__Records to use__
▬▬▬▬▬▬▬▬▬▬
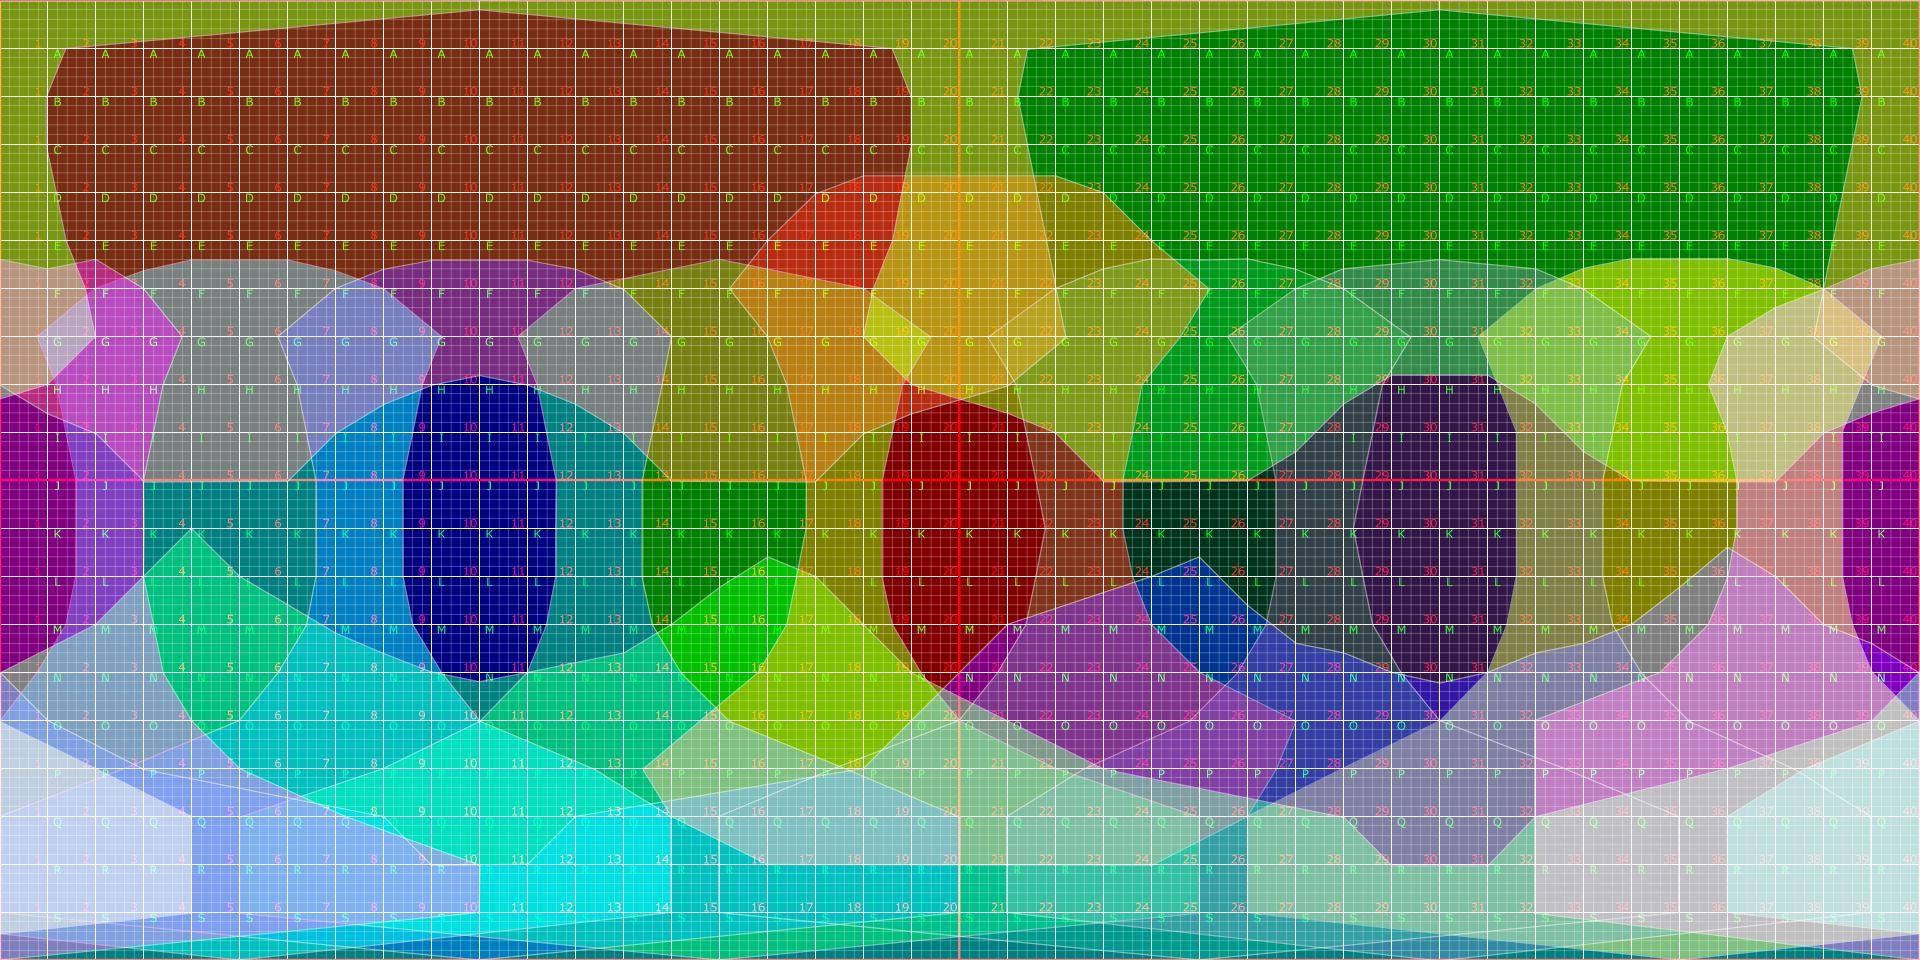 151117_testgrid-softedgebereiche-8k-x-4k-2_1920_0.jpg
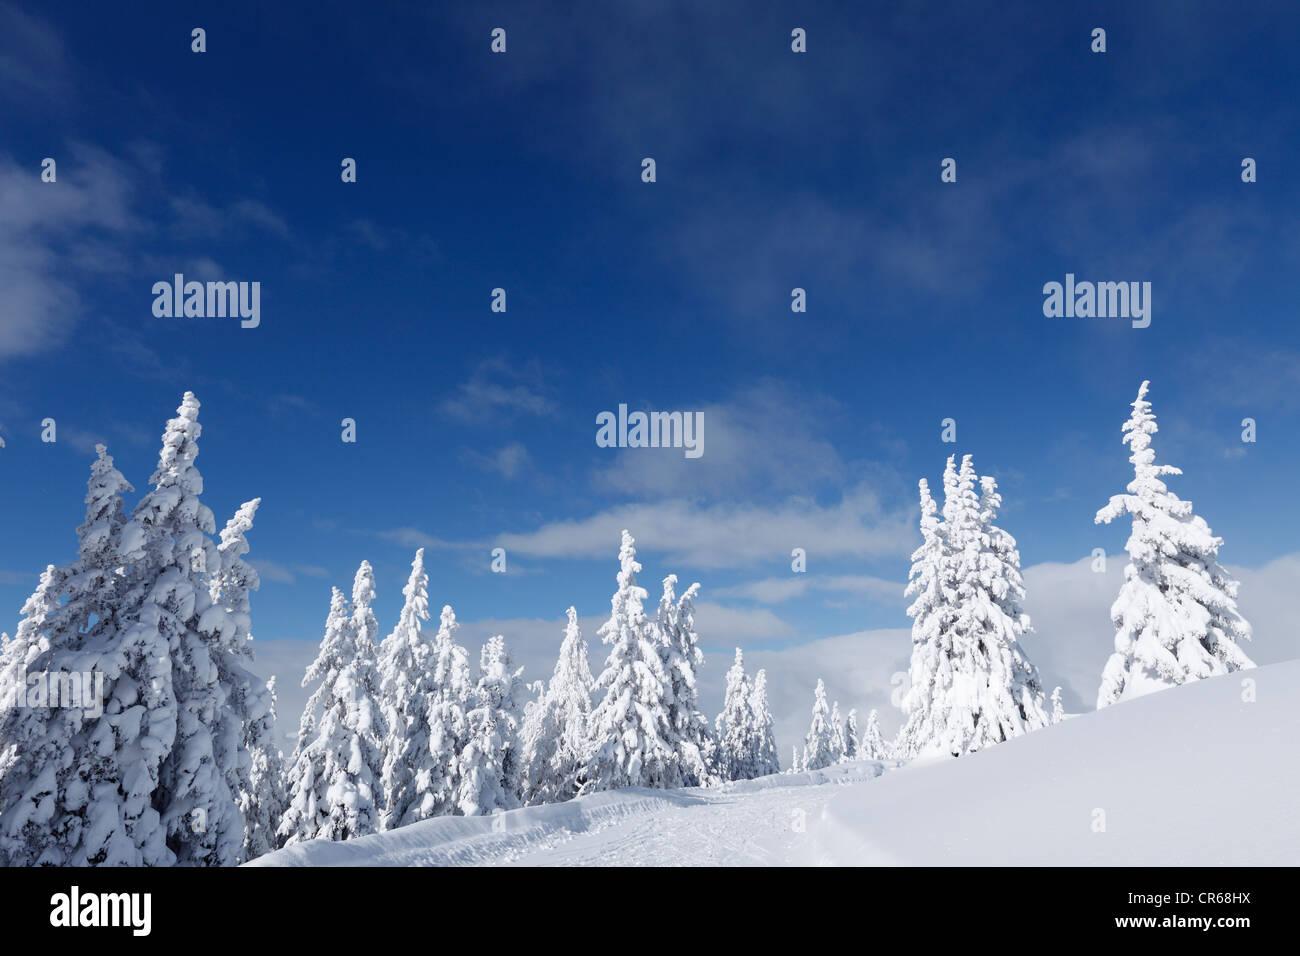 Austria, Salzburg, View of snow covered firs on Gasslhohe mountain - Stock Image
▬▬▬▬▬▬▬▬▬▬
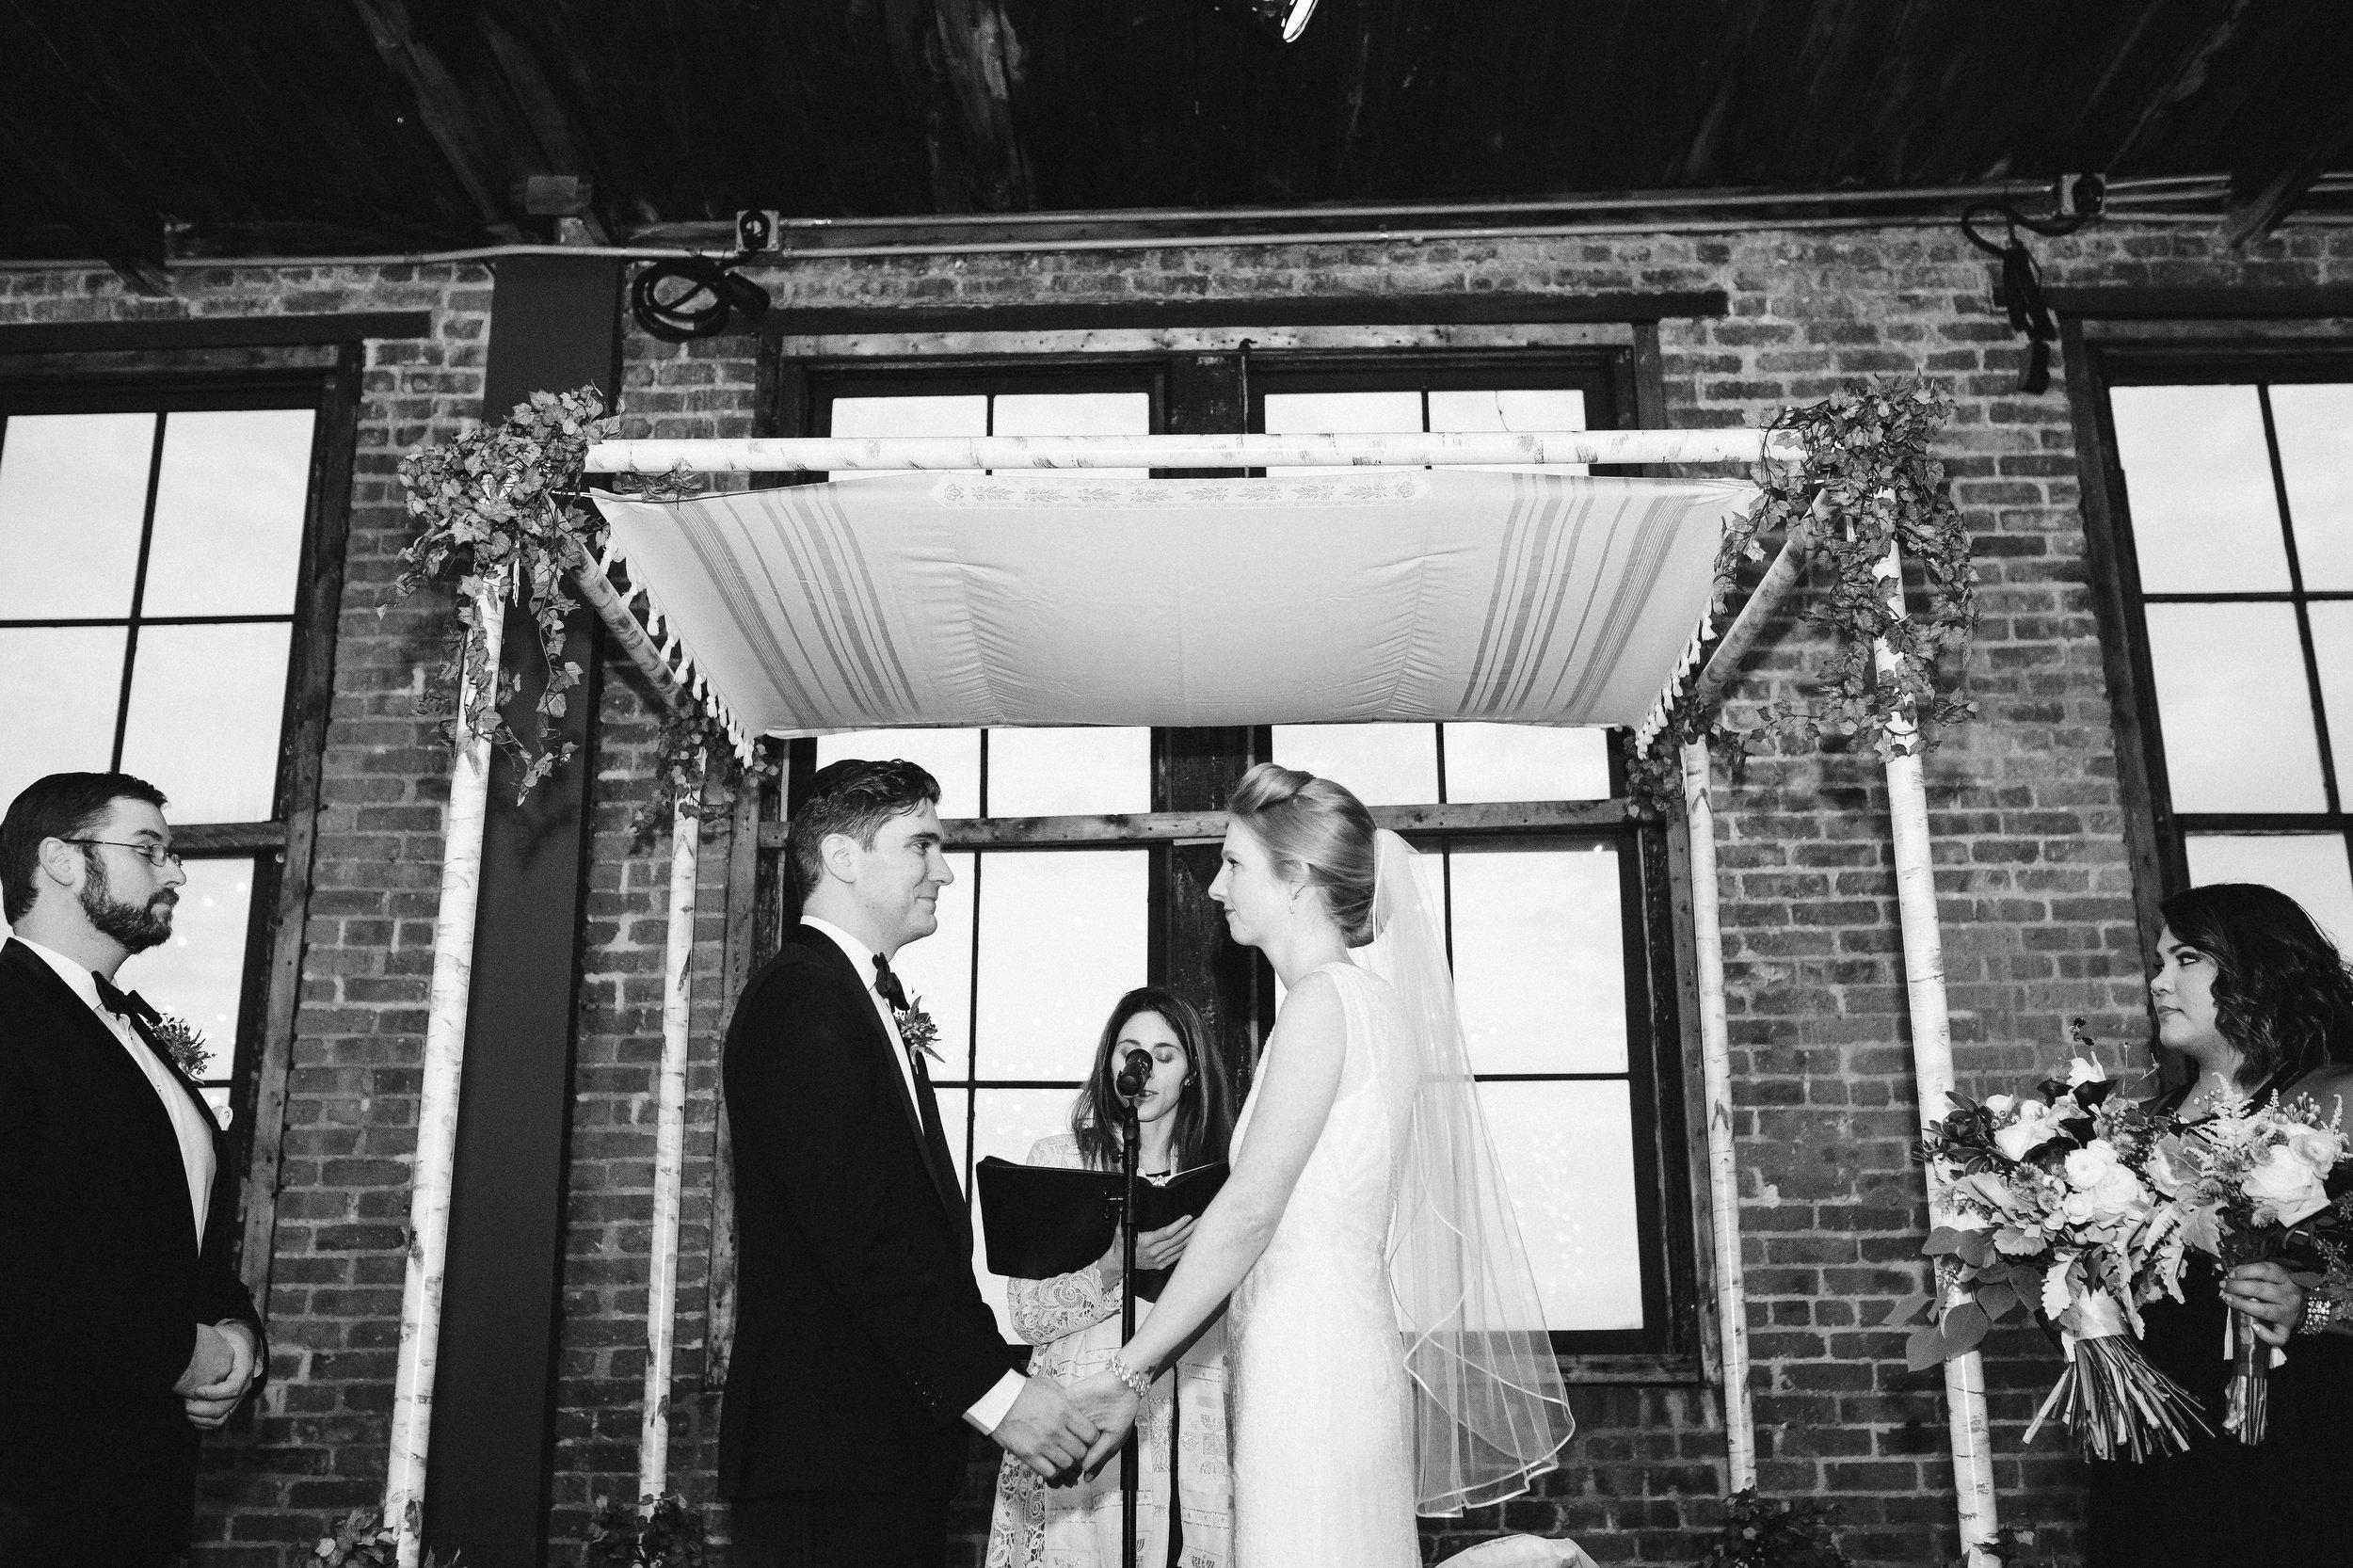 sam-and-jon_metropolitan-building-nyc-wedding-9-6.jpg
▬▬▬▬▬▬▬▬▬▬
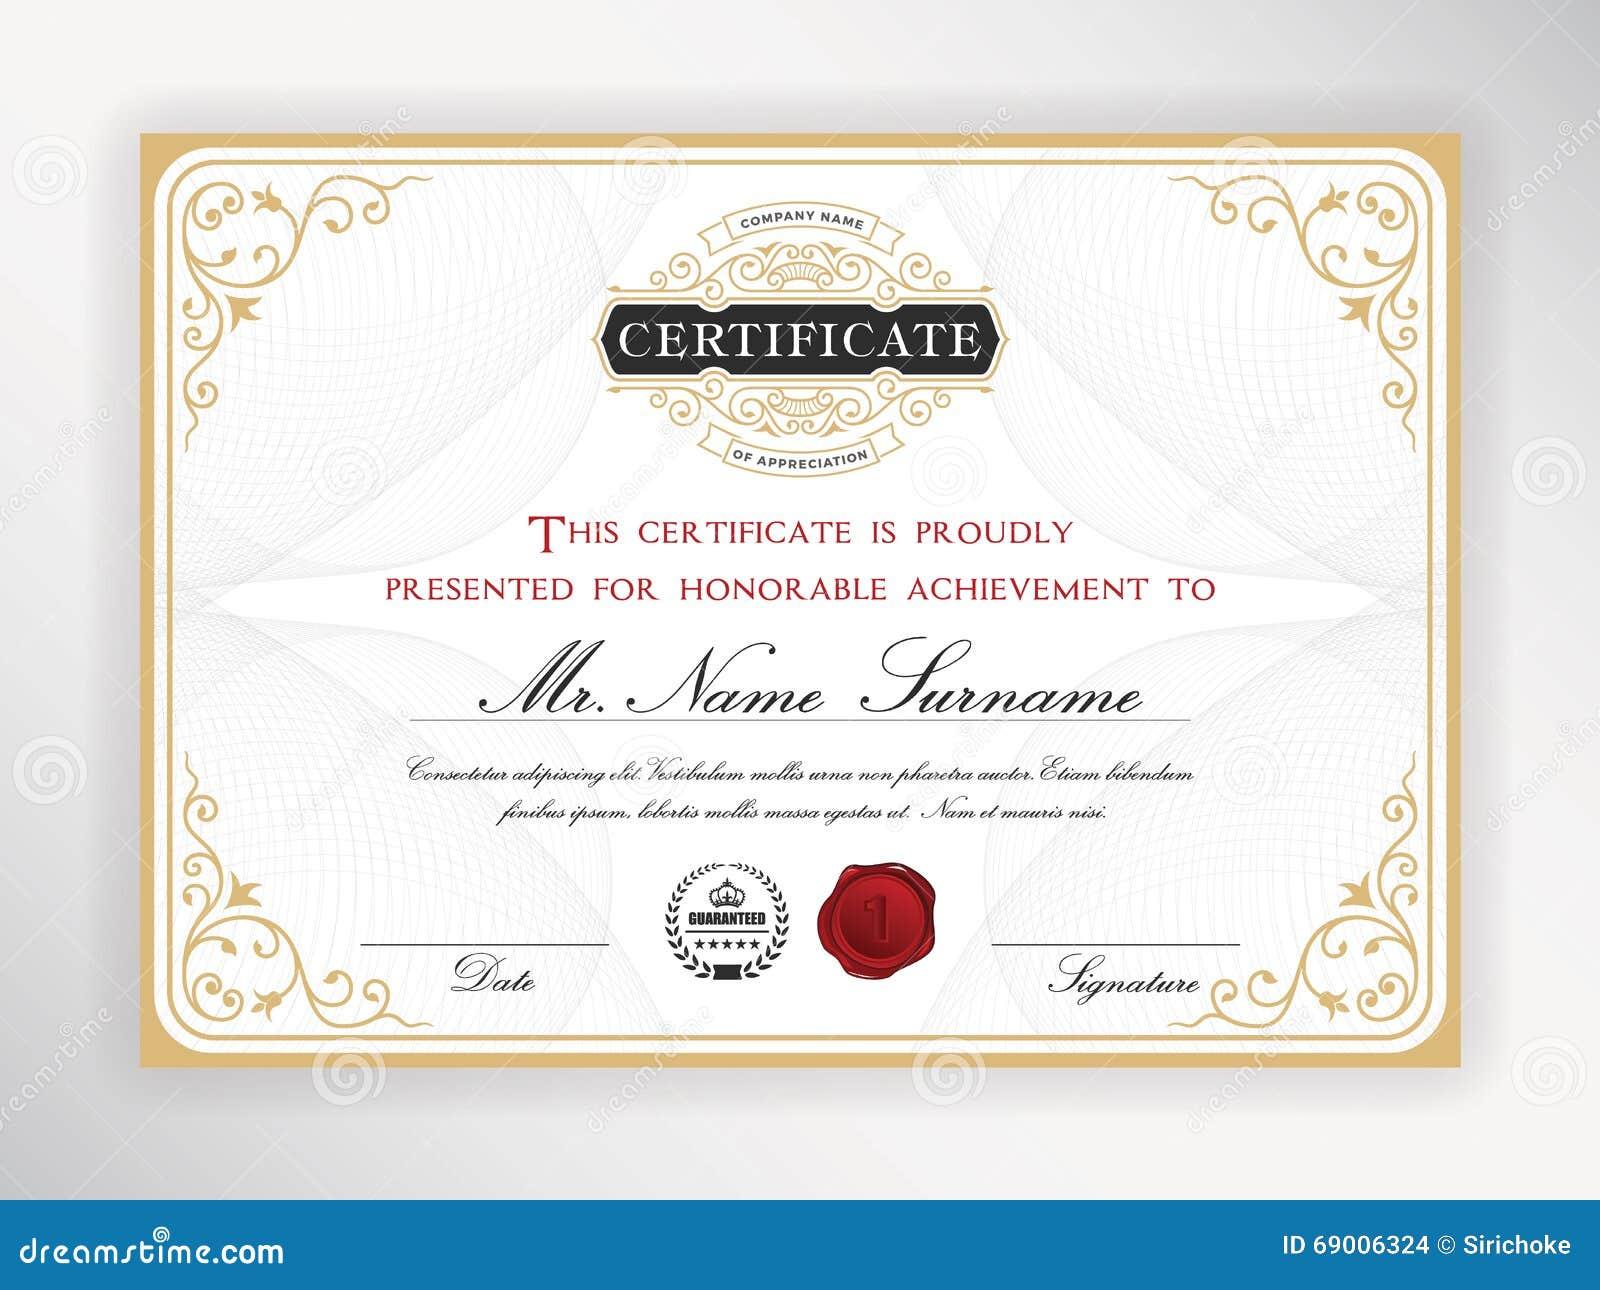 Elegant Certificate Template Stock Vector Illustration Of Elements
▬▬▬▬▬▬▬▬▬▬
__Task directions__
Excerpt from the records above: set down only the lines from the one that contains "151117_testgrid-softedgebereiche-8k-x-4k-2_1920_0.jpg" through the one that contains "Austria, Salzburg, View", inclusive, word for word. Pictures stay out.

__Result for this task__
 151117_testgrid-softedgebereiche-8k-x-4k-2_1920_0.jpg
 Austria, Salzburg, View of snow covered firs on Gasslhohe mountain - Stock Image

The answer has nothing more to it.